Ich werde mich im Landtag nach meinem Gewissen entscheiden. Wir GRÜNEN haben das auf Bundesebene auch immer so gehandhabt, dass jemand, der nicht mit der Fraktionsmeinung stimmen kann, das zwar vorher ankündigt, aber dann seinem Gewissen folgen kann. Da wird auch niemand unter Druck gesetzt.  

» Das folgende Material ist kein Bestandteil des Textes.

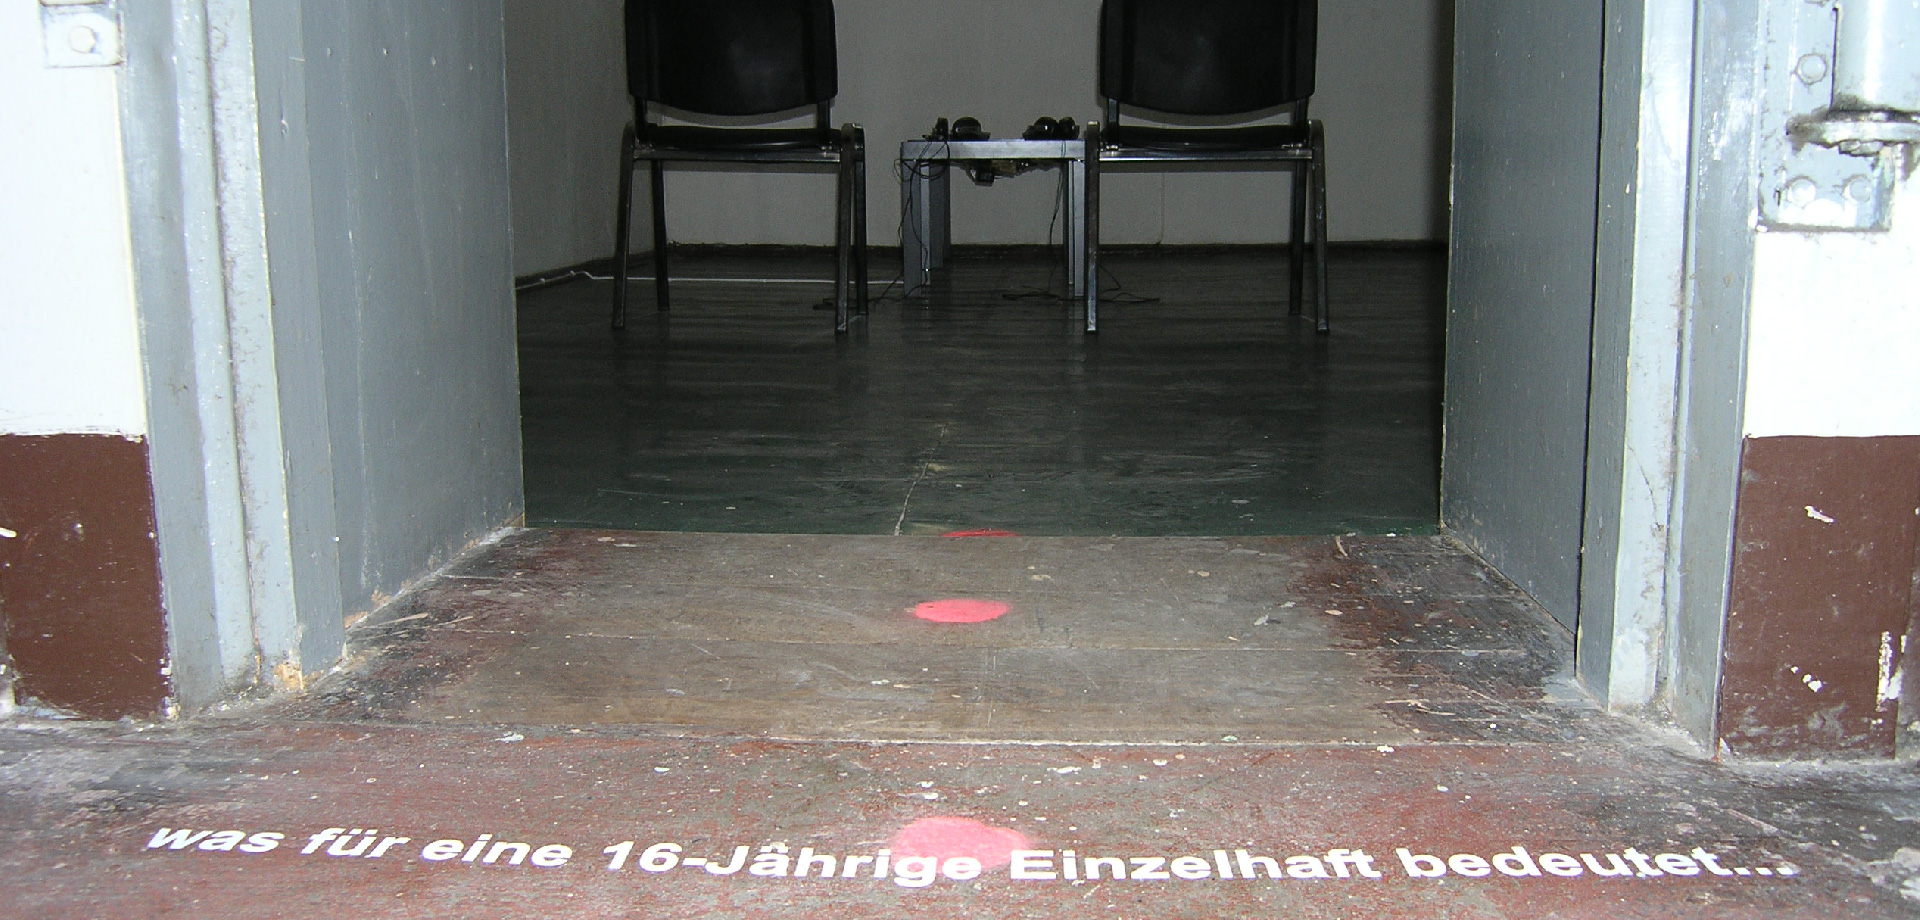 zwei Stühle stehen in einem Raum, vor dem Raum auf dem Boden steht "Was für eine 16jährige Einzelhaft bedeutet..."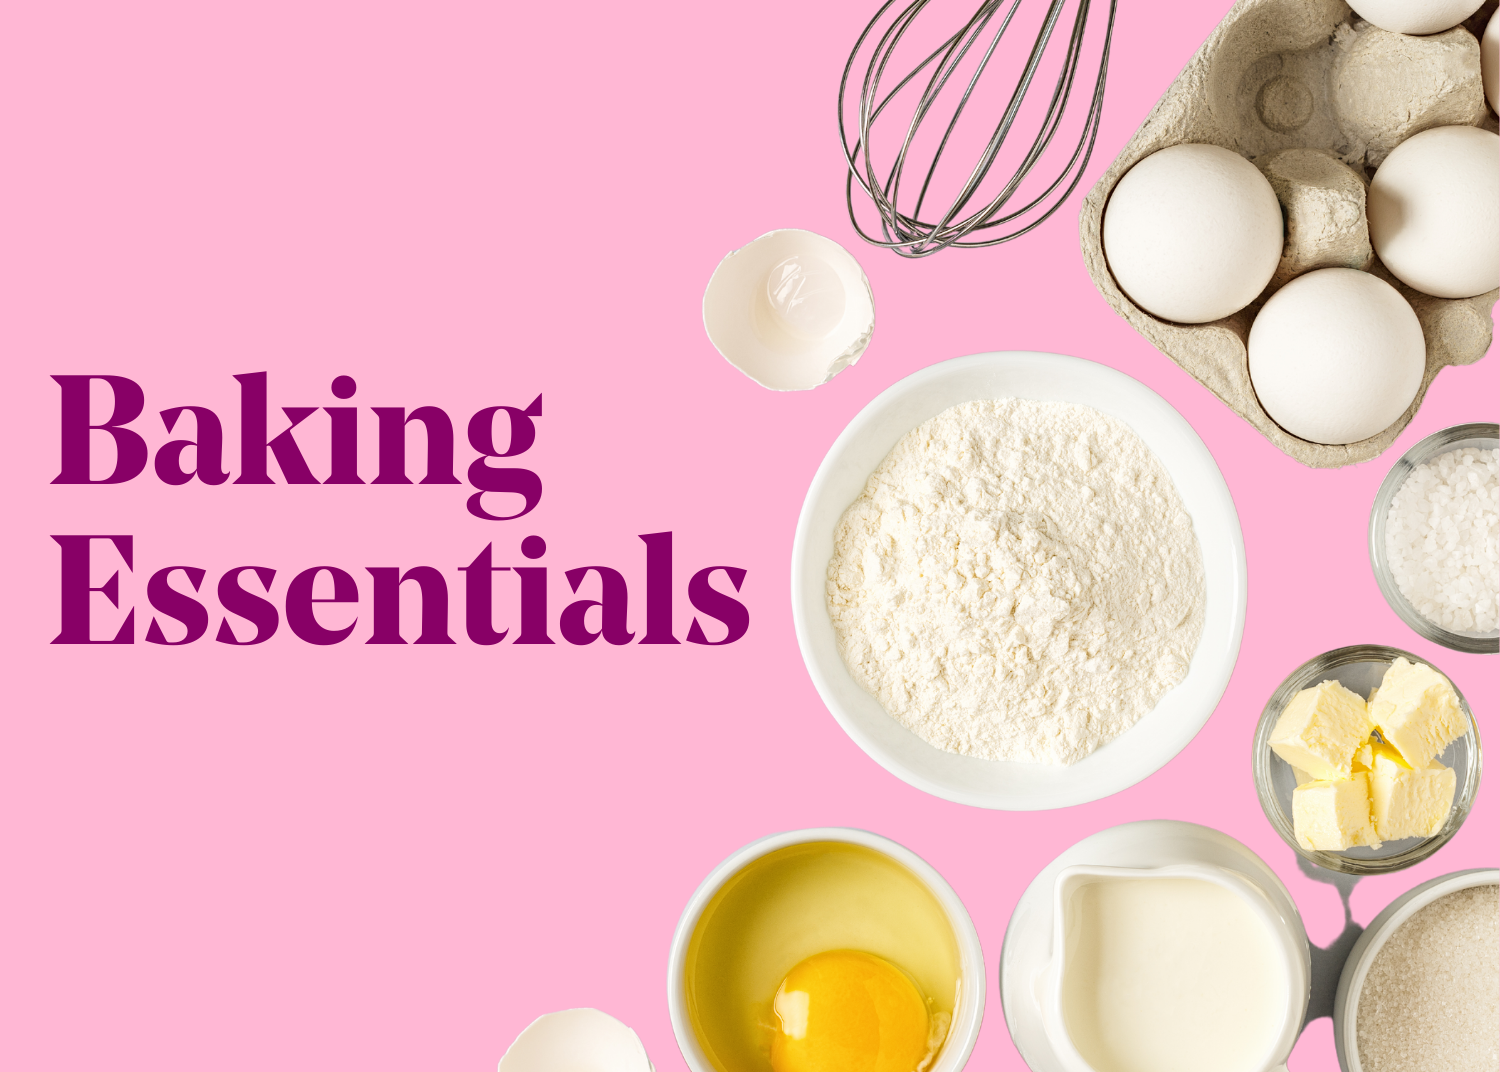 Baking Essentials

So ist das, meiner Meinung nach, auch völlig in Ordnung. Entweder kann die Fraktion dann nochmal versuchen, Überzeugungsarbeit leisten und die Fraktionsempfehlung nochmalig diskutieren, oder aber die Entscheidung hinzunehmen und zu akzeptieren. Wenn aber Abweichler der Fraktionsmeinung in der Fraktion isoliert werden, dann hat das nichts mehr mit der freien Gewissensentscheidung zu tun, die im Grundgesetz postuliert wird.

9.) Zum Schluß: was ist ihr ganz persönliches Herzensthema in der Politik?

Als Geschäftsführerin eines Vereins, der in der Selbsthilfe unterwegs ist, bin ich vor allem sozialpolitisch engagiert. Mein Herzensthema ist da ganz klar: Ich möchte, dass niemand abgehängt wird. Anders als die Linke möchte ich die Menschen dabei nicht entmündigen oder betüdeln. Die Wahrung der Würde und der Selbstbestimmung ist mir ganz wichtig.

Vielen Dank an Frau Gajek für ihre Antworten! Auch hier spreche ich gerne die Einladung zum nächsten netzpolitischen Bier Rostock am 13. September aus, bei dem auch solche Themen wie Open Data und Open Government besprochen werden.